Yoel Hanegbi, CEO of Eshone Energy, shares exciting news regarding the latest methods for School Districts to obtain funding for Solar Projects.
Many school districts are eager to Go Green and installing solar panels on their schools holds great interest for them. But in these tough economic times, many hesitate to pursue it further because they simply don’t have the financing available to get the project started. There are many incentives and rebates available, and some fortunate school districts find they can tap into State Modernization Grants to close the gap and fully fund the Solar Power System. Others put up a bond for voter approval specifically targeted for Solar Photovoltaic (PV) systems and other Renewable Energy applications.

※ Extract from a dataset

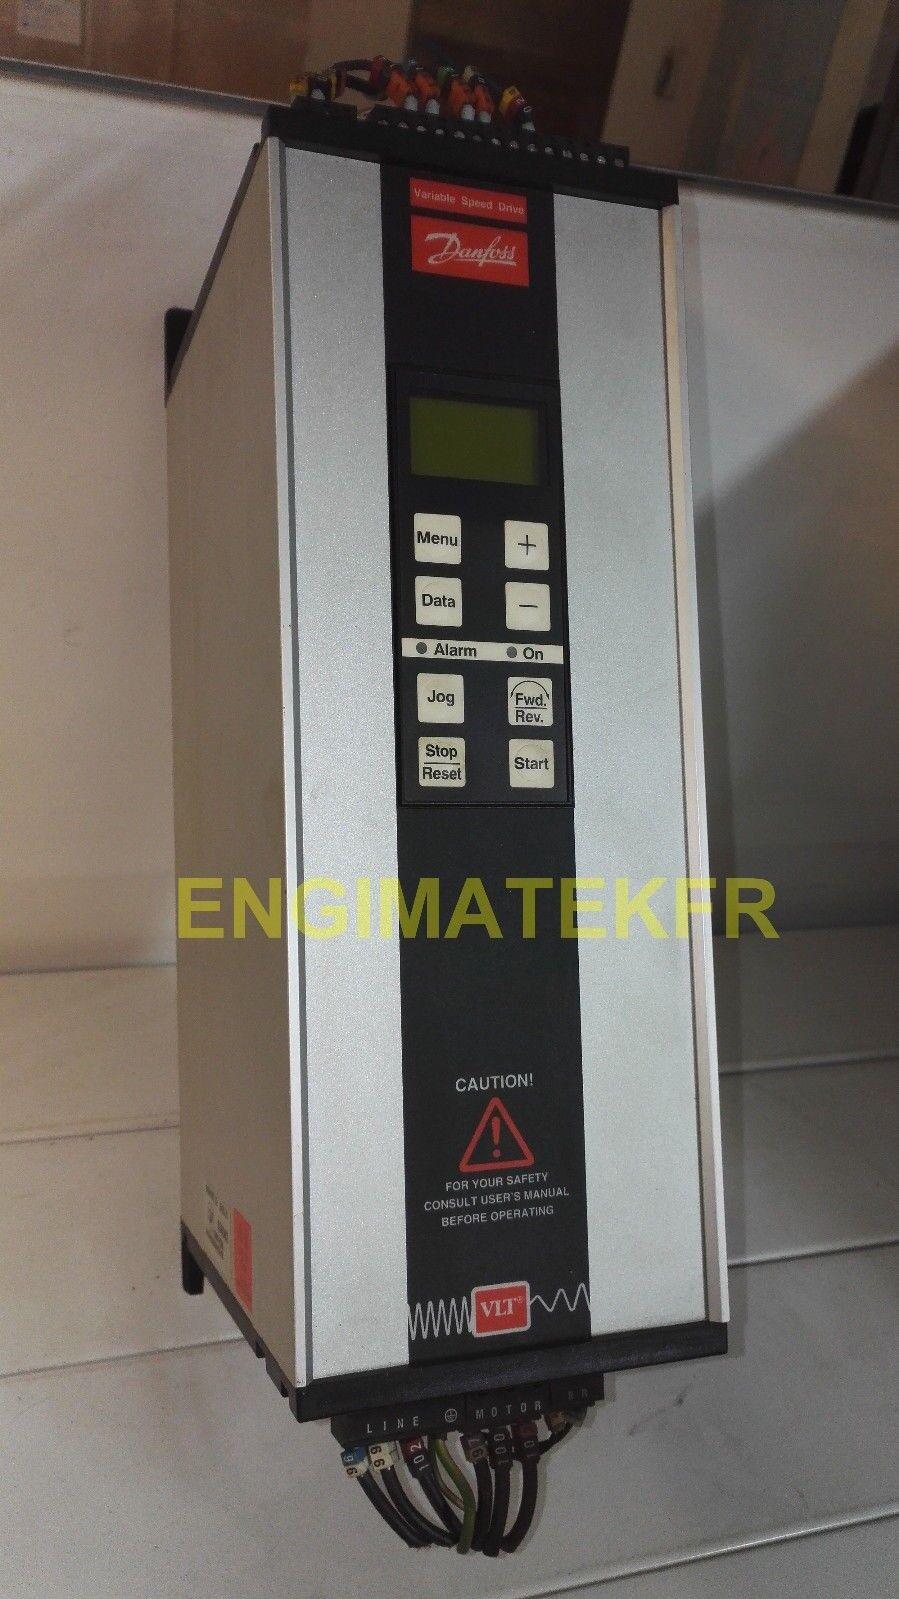 variateur vitesse 0-500HZ Danfoss VLT type 2020 195H3401 2.4kW 1.9KVA 1.9KVA 1.9KVA 565ebf

And still others are opting to go with Power Purchase Agreements (PPAs), though many would prefer to own the system on top of Going Green.
However, with Bonds, school districts generally end up paying back two and three times the face amount of bond dollars received. For any investment, interest rates are used to describe the cost of capital. For PV solar projects, the initial investment costs are the biggest cost factor so that the interest rate plays an important role in the overall costs of the project.

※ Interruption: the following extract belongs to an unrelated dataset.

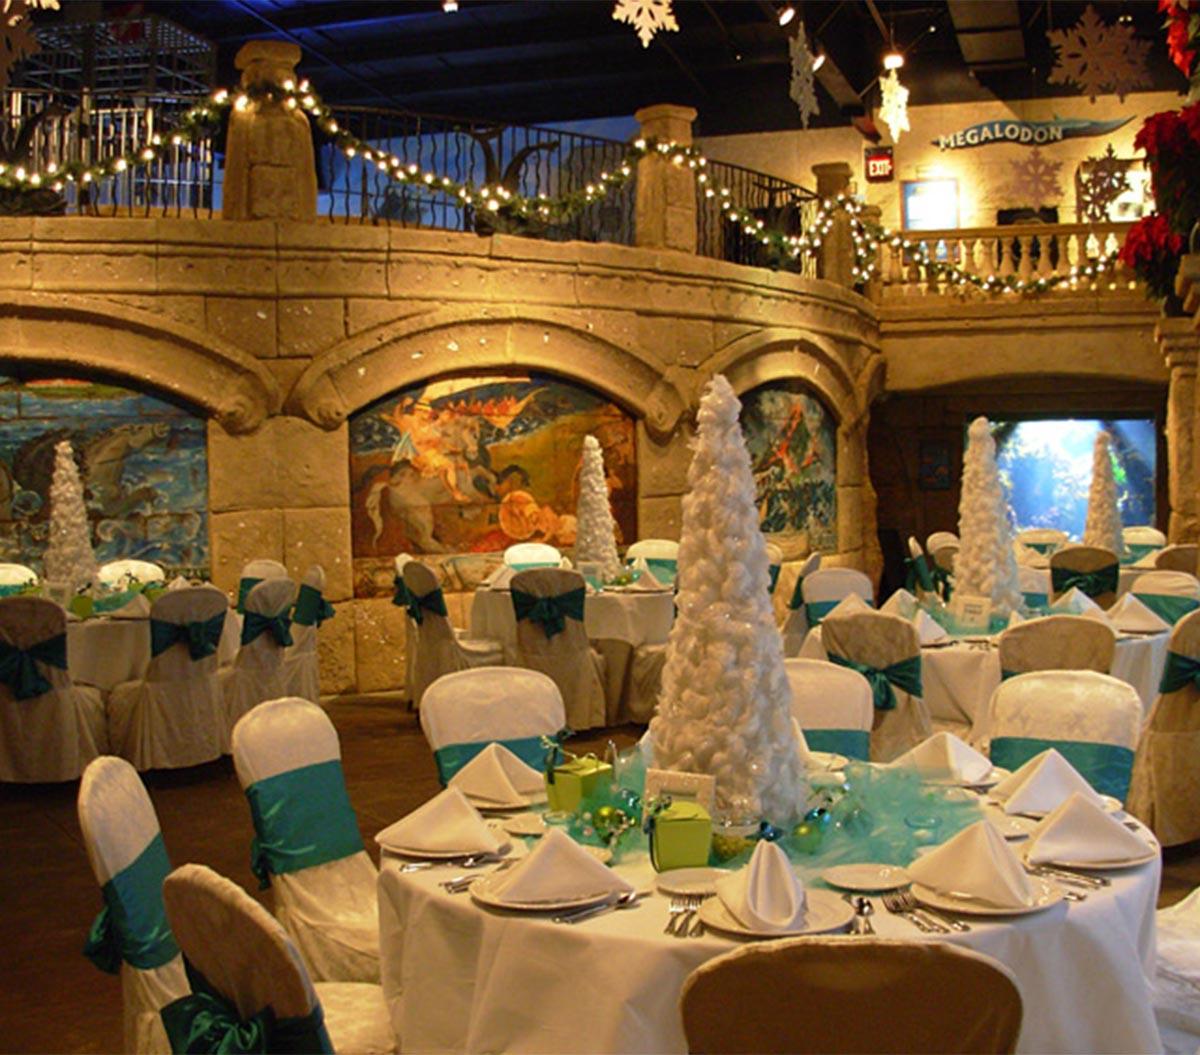 Proms & Senior Banquets

But if you act fast, you can get 0% or near 0% bonds the Federal Government is offering through the American Recovery and Reinvestment Act (ARRA).
These two bonds, Clean Renewable Energy Bonds (CREBs) and Qualified School Construction Bonds (QSCBs), allow school districts to pay off the bonds from the dollars they would have paid for their electricity consumption. Dollars that had previously been earmarked for the utility company is now designated for bond repayment and after 15 years, it’s paid off and then all that money can now be funneled back into the general fund!
- Clean Renewable Energy Bonds (CREBs) are a means to lower the cost of capital for renewable energy projects. They can provide public entities with interest free – or near 0% interest - capital. Public entities can apply for those funds at the IRS for allocations. Once the public entity has received an allocation, a CREB can be issued to finance a PV Solar project. The ARRA has increased the allocation to provide $2.4 billion to finance qualified renewable energy facilities but have a deadline of 8-4-09 for 2009 so unless you’re already in the process of filling out the application (starting on page 21), it’s too late to file this year but now’s a good time to become familiar with the requirements for next year’s filing deadline.
With upfront costs being a major factor in the decision process, these two methods can significantly reduce that cost, making the decision to Go Green a responsible and affordable choice. Not to mention that you’ll be doing your part to stimulate the economy by creating jobs, which is the main thrust of the ARRA in the first place.